# [WORK ORDER]
Return the full listing unchanged, apart from leaving out its images.

*** Block opens ***

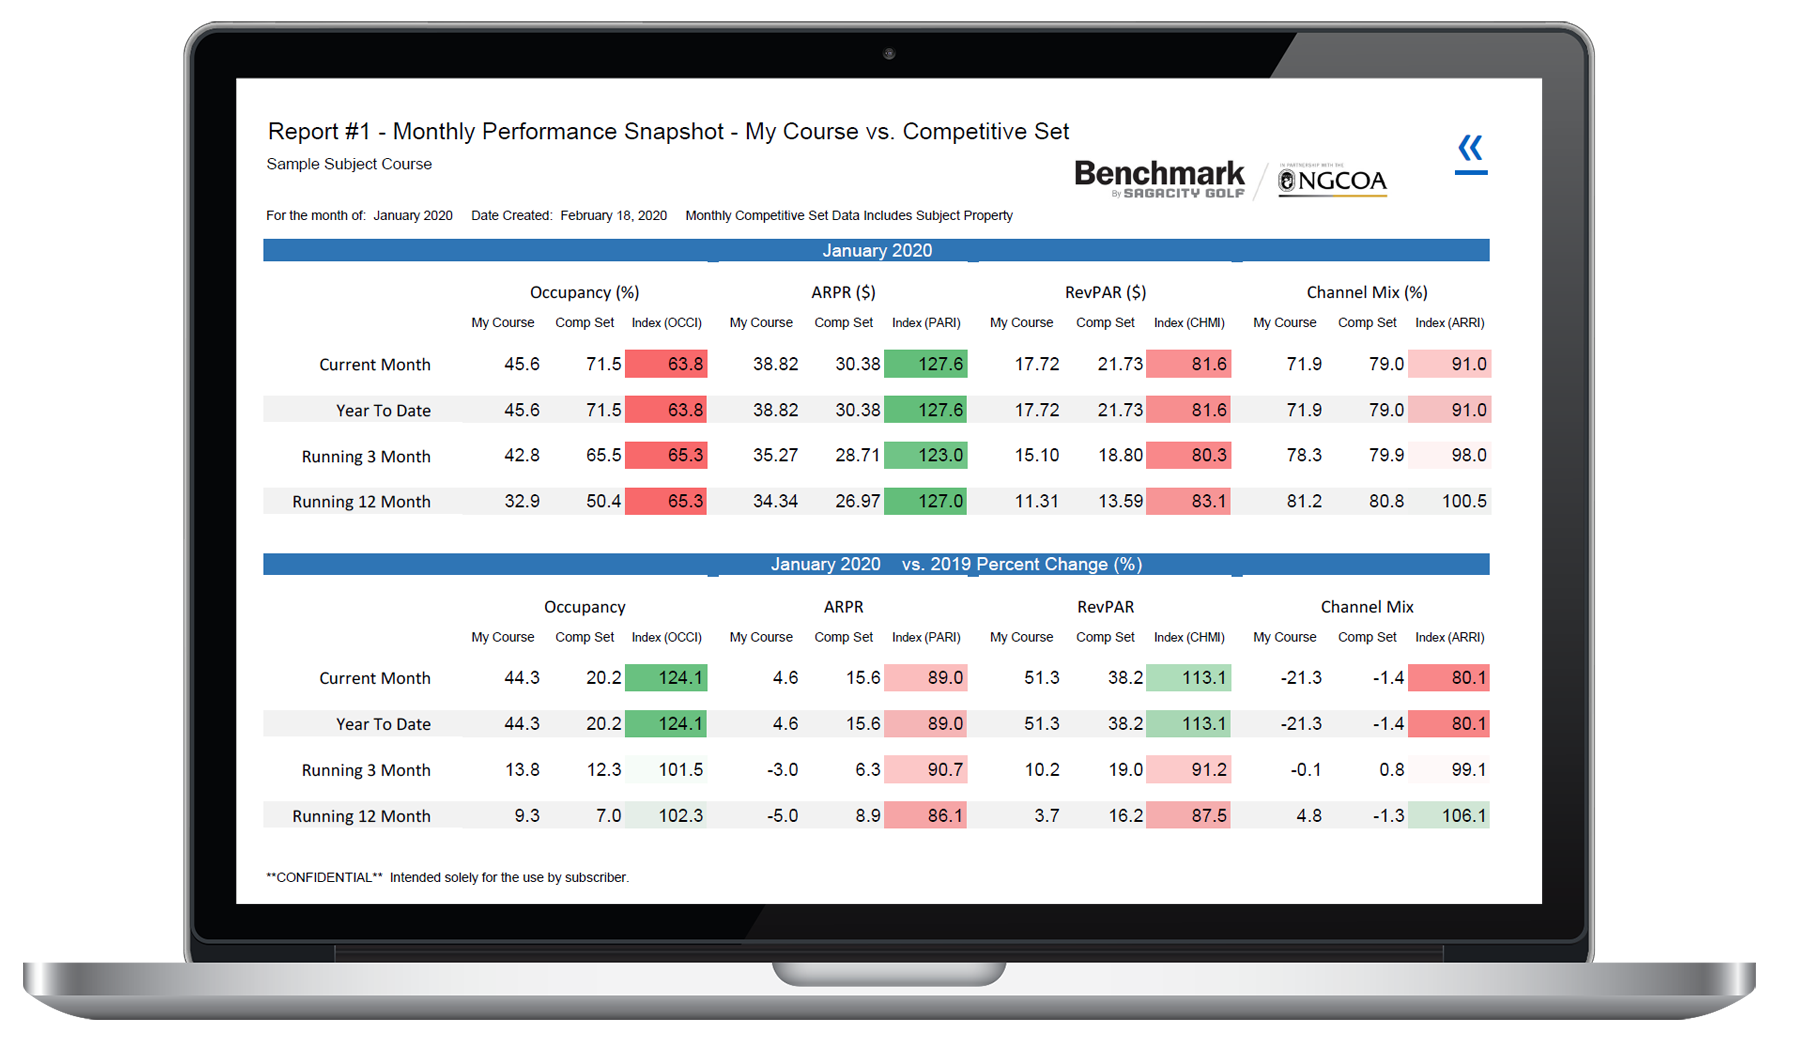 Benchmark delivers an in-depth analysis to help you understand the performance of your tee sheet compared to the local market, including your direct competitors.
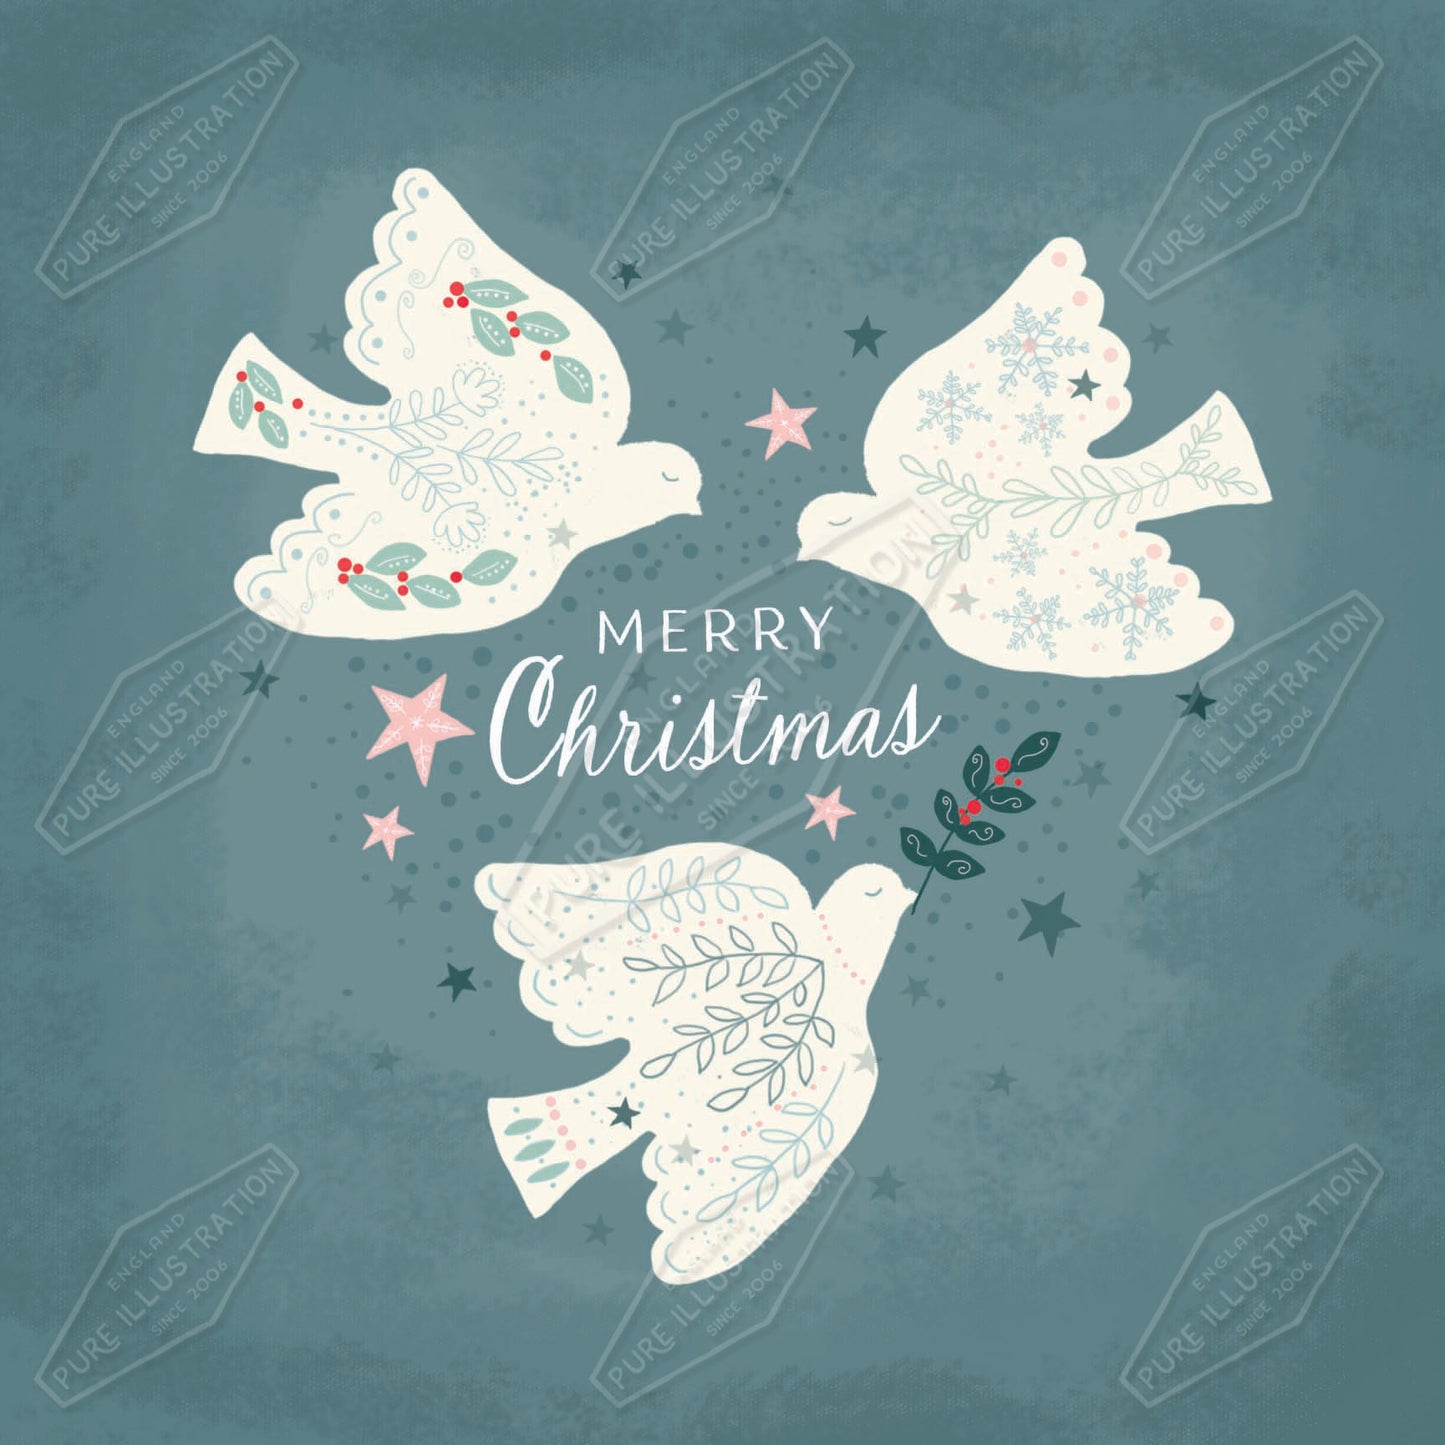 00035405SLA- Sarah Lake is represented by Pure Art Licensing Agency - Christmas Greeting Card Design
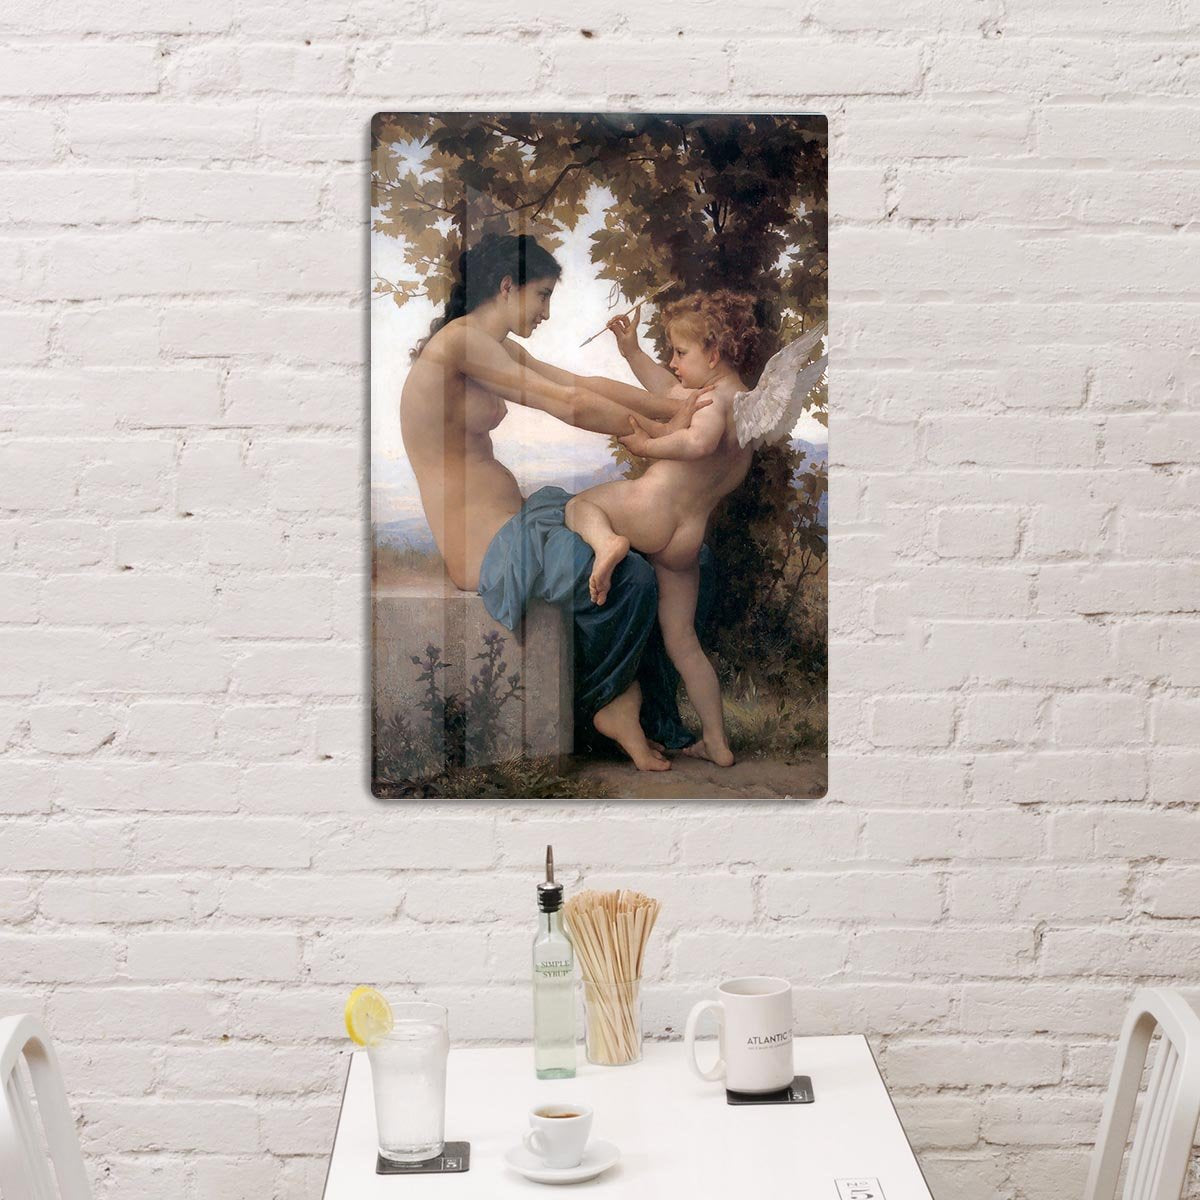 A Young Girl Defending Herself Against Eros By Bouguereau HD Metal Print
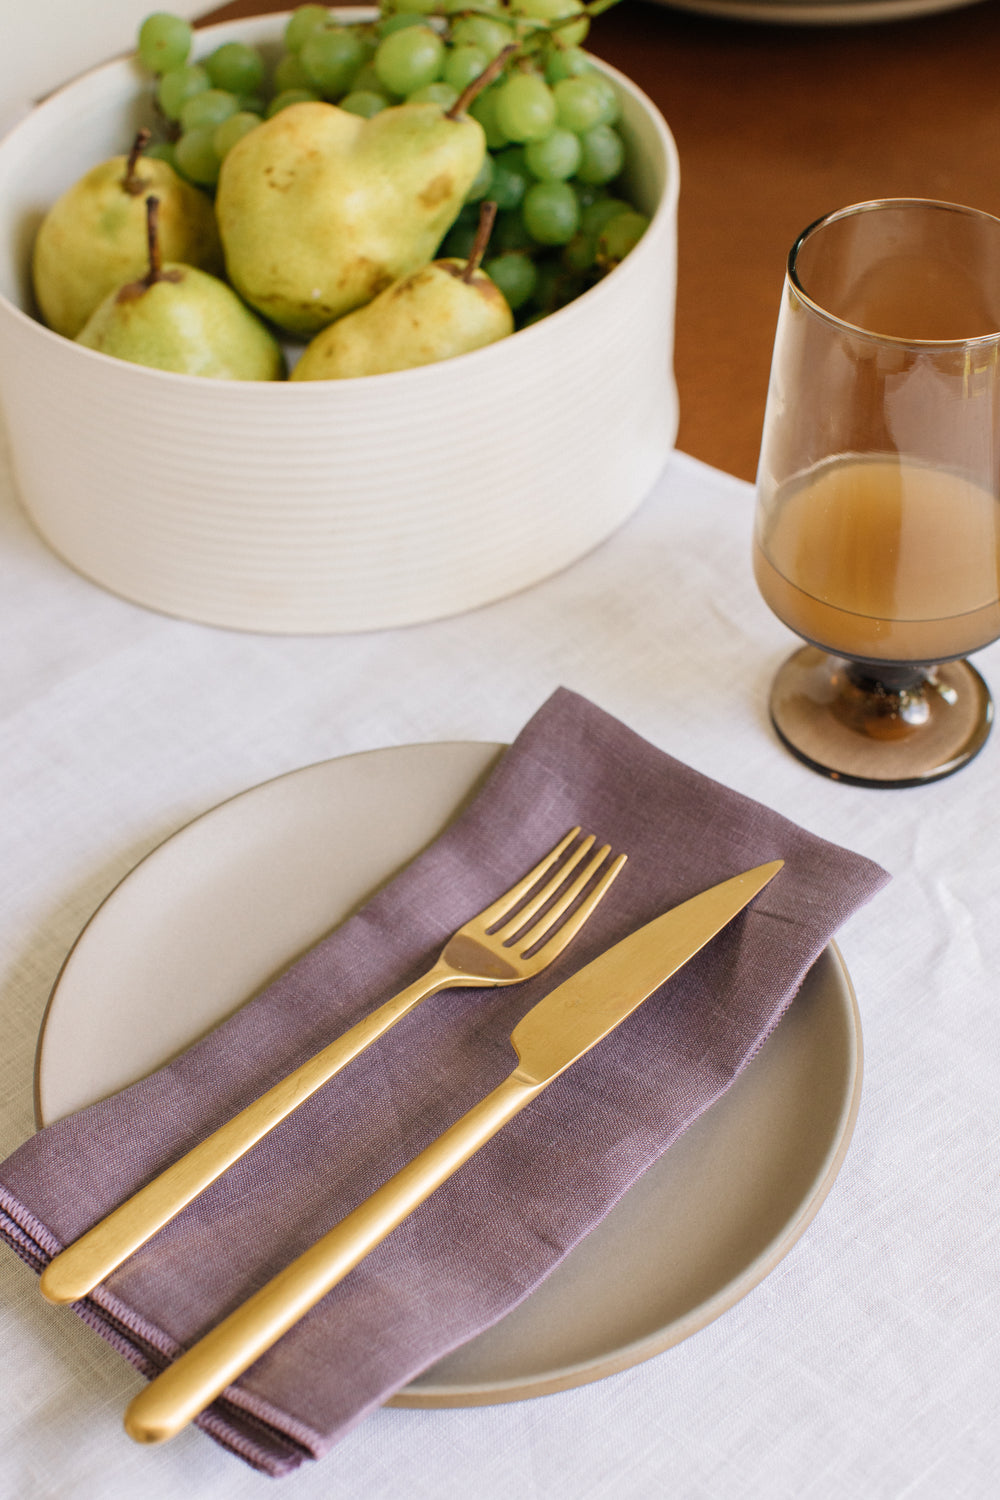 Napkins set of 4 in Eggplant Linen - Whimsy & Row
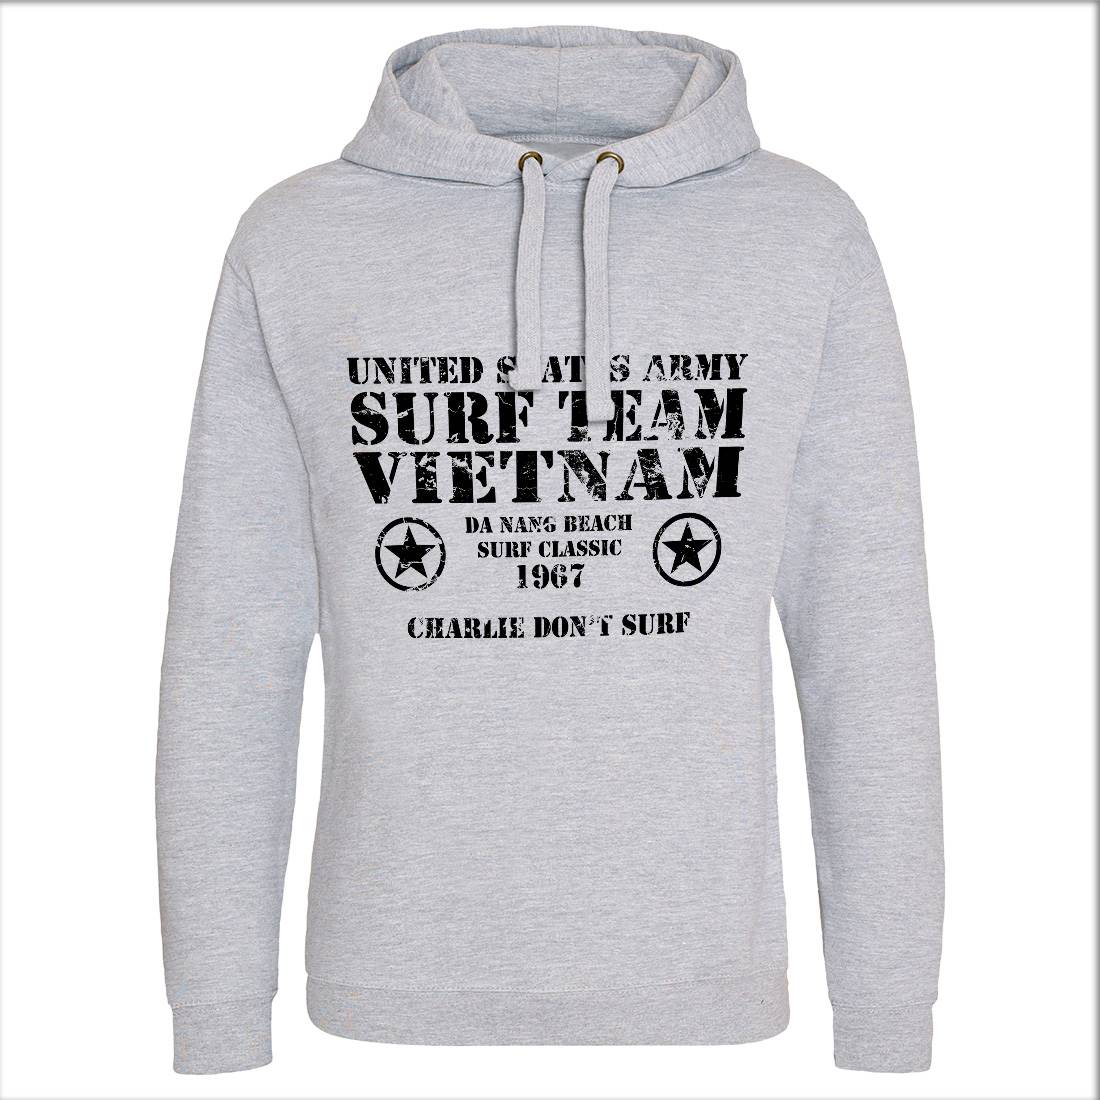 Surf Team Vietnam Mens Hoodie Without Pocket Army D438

*** Block closes ***

# [SOLUTION TO THIS PROBLEM]
 Benchmark delivers an in-depth analysis to help you understand the performance of your tee sheet compared to the local market, including your direct competitors.
 00035405SLA- Sarah Lake is represented by Pure Art Licensing Agency - Christmas Greeting Card Design
 A Young Girl Defending Herself Against Eros By Bouguereau HD Metal Print
 Napkins set of 4 in Eggplant Linen - Whimsy & Row
 Surf Team Vietnam Mens Hoodie Without Pocket Army D438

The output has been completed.